Warming up and cooling down are very important for chronic asthma and exercise-induced asthma. Part of it is warming up and cooling down might make the airway less cool and dry. Part of it is that if you were to run one sprint, you may get very tight after that one sprint and your asthma may flare up, but for the next two or three hours, you might be fine because you've gotten over it. So a big part of the warm-up is a way to allow the body to react a little bit while you're warming up, not in the middle of your activity.

What medications can be used?
There are two kinds of medications. The rescue medication is either albuterol or pirbuterol. And that's an asthma medication that you will take either right before exercise or when you have symptoms and that provides a quick relief.

If people have chronic asthma that's triggered by activity, then they need to have their asthma controlled with preventative therapy. There's a whole host of medication, such as inhaled corticosteroids, antileukotriene medication and cromolyn, which depending on what the patient needs, will be right for them.

The other part of this, which is tremendously under-appreciated, is the significance of allergy in asthma. So when I see my patients with asthma and allergies, I'm aggressively treating the allergy part to try and get their nose clear so they can allow the air to be filtered and cleared.

Why did you conduct your study on asthma-related deaths during sports?
Part of the reason we did the study is, if you look in an average sports medicine book, they won't list asthma as a cause of potential death and they may not even touch on the subject at all.

We wanted people to realize that asthma attacks during sports is a big problem. If a child collapses while playing and has a cardiac issue, it usually makes the newspaper. But they don't cover Bobby coming off the field wheezing. In the state of Pennsylvania, for example, any school who wants to have a defibrillator can have one, but we can't get an asthma inhaler on every sideline, even though it's rare to have a cardiac problem in a school and far more common to have a child have an asthma attack on the playing field.

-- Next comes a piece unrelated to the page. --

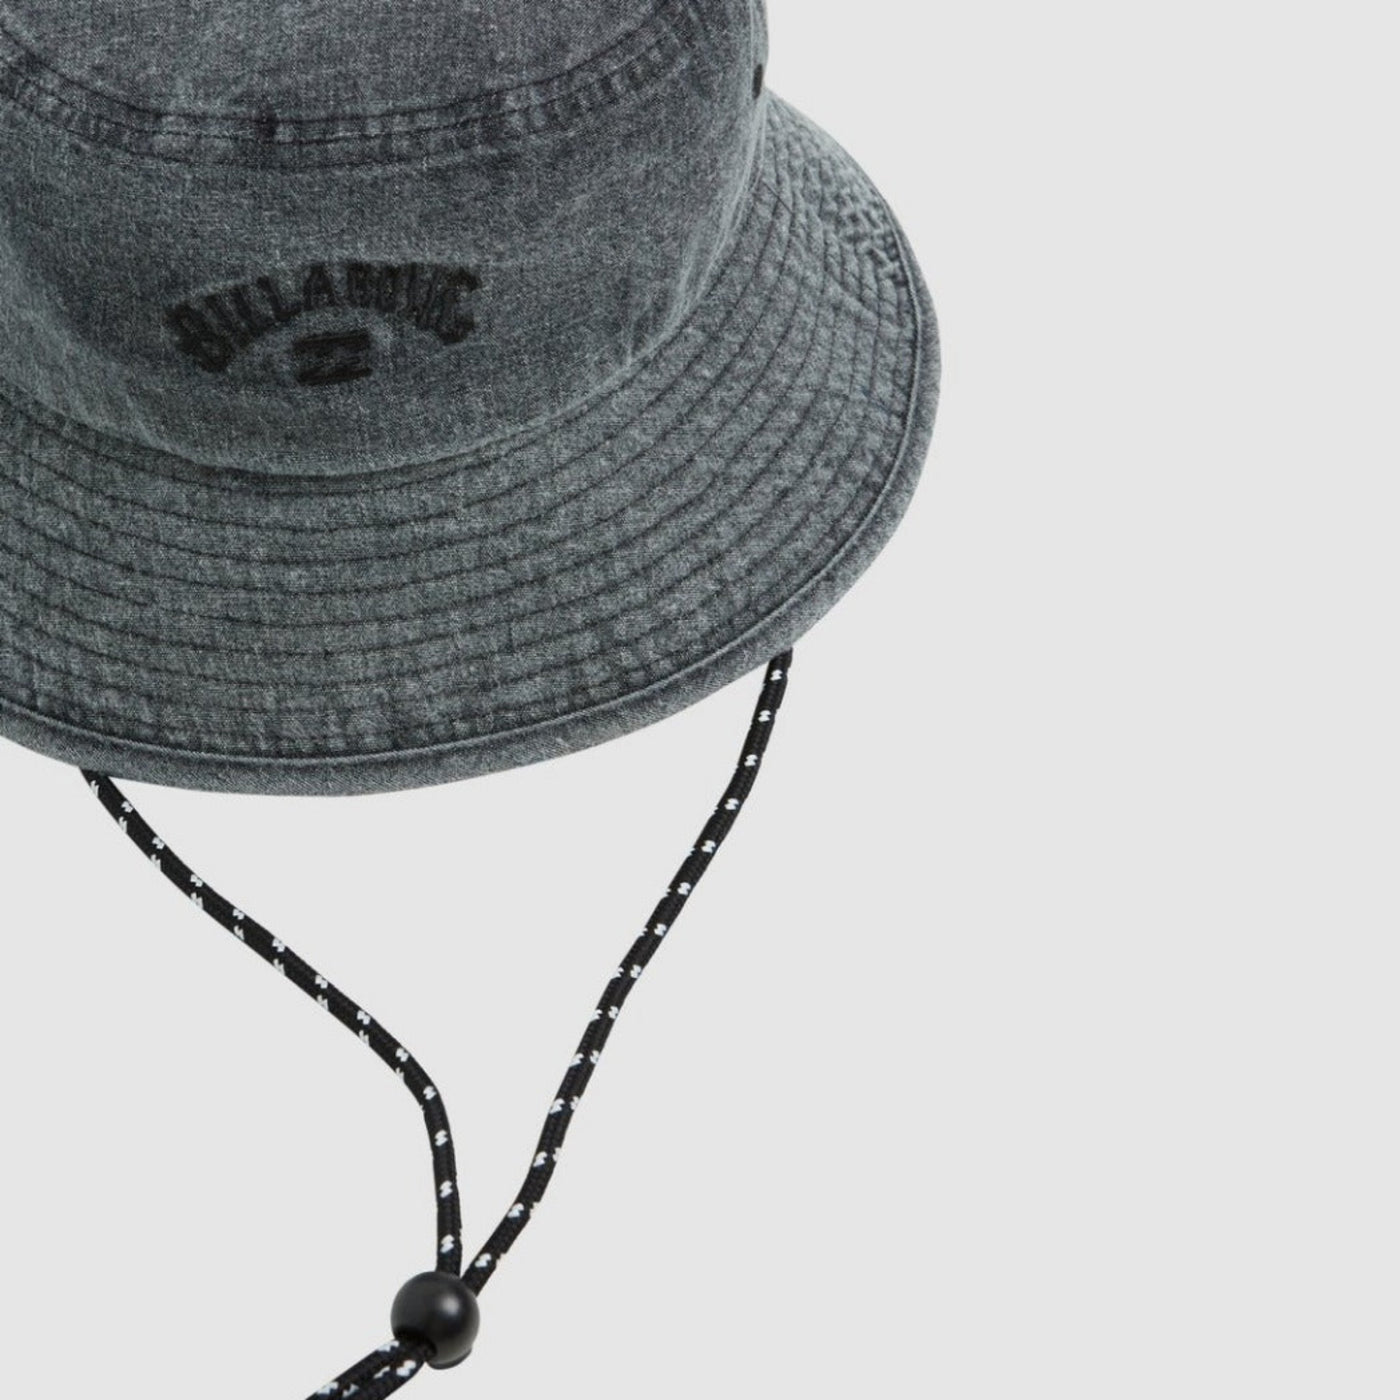 Billabong Men's Peyote Washed Hat - Washed Black

What is your advice to parents and coaches?
The big thing is that kids should go out and play, and we need to make sure their asthma is well enough controlled so they can. In 2002, 6.3 million under 18 had asthma. If you figure that 90 percent of those patients can have their asthma be triggered by activity, there are millions of kids who, in theory, will have their activity limited because of asthma. We recommend that coaches just check in with their players, "How are you doing? How are you breathing? Everything okay?" So if the child says, "Well, my asthma's acting up," maybe he can't play today. We try and tell trainers and parents that they have to treat asthma like they treat an injury.

Another responsibility is that they got to make sure they have rescue medication right there at the field. Kids have died trying to get their inhaler. Now I can't guarantee if they got their inhaler, they would live, but, clearly, not having it didn't help.

There actually is even some preliminary research that suggests part of the reason that asthma's on the rise is because we're getting less exercise. We need a certain amount of exercise to help our lungs develop at all ages. So my real goal is to get people out there exercising. We want them playing safely so that they can have a healthy lifestyle. And the only way we'll ever accomplish that is with a proper circle of communication between the parent, the child and the doctor.